To reduce the influence of bright objects or cosmic rays; the user may elect to employ a cut out pixel count value where any pixel found to be above that value is ignored. The cutout value is determined by the user inputting a global mode value (usually the sky background count - obtained via HISTPEAK), the background count standard deviation and the number of standard deviations above sky level at which the cutout should occur.
The user is required to enter a value for the size of object(s) of interest (roughly the template size) and also the image pixel size.
The value for each pixel of the output image is determined as follows. An imaginary circle is drawn about the pixel and all pixel pairs within that circle, that lie on opposite sides of the centre from each other, are stored.

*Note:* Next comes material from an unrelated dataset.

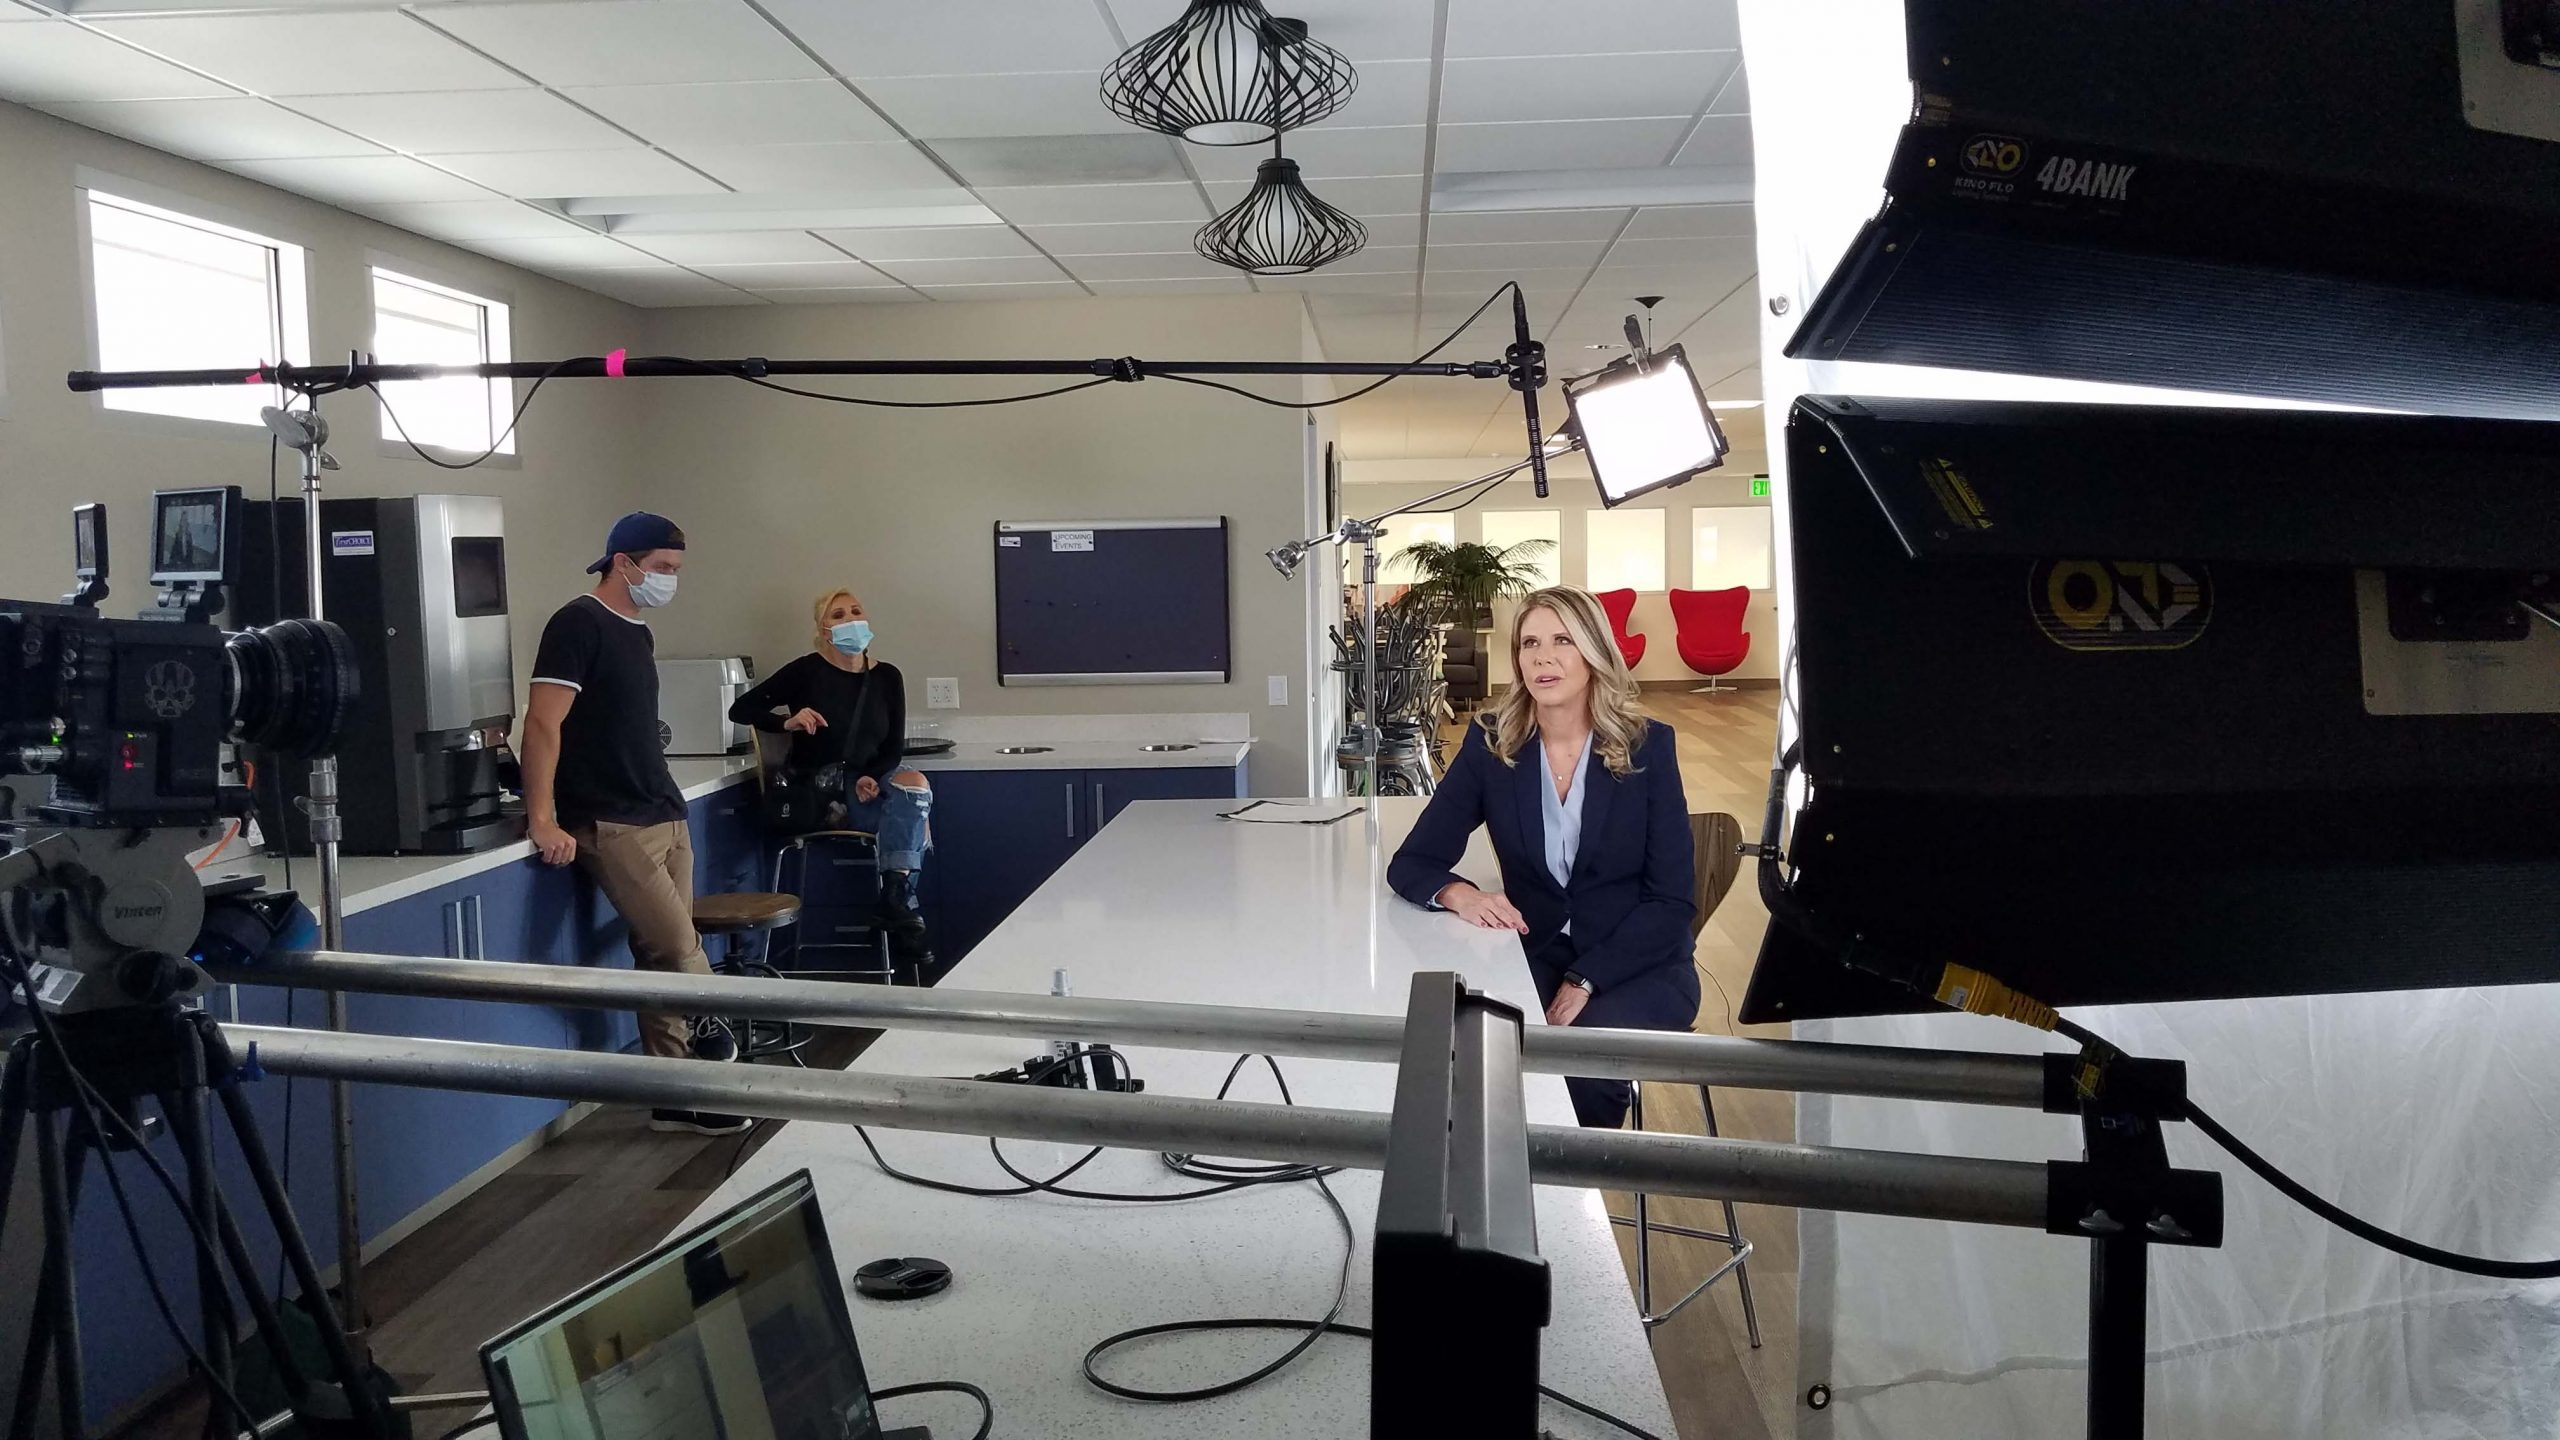 Orange County video production company

Each pair is then considered in turn and the modal count value subtracted from each. The resultant residual pixel count values are then multiplied together. The values found for all the pairs are then summed, the total divided by the number of pixel pairs found and the square root taken. In the event of a negative sum being found the value given is the square root of the magnitude of the self-correlation multiplied by -1.
The resultant value is some measure of the extent to which points within that circle (about the current pixel) are correlated.
The method assumes some sort of symmetry is present in the objects detected but appears to work well on a wide range of image types.
A border is present in the output image which the same width as the radius of the template. All pixels within this border are assigned the value bad.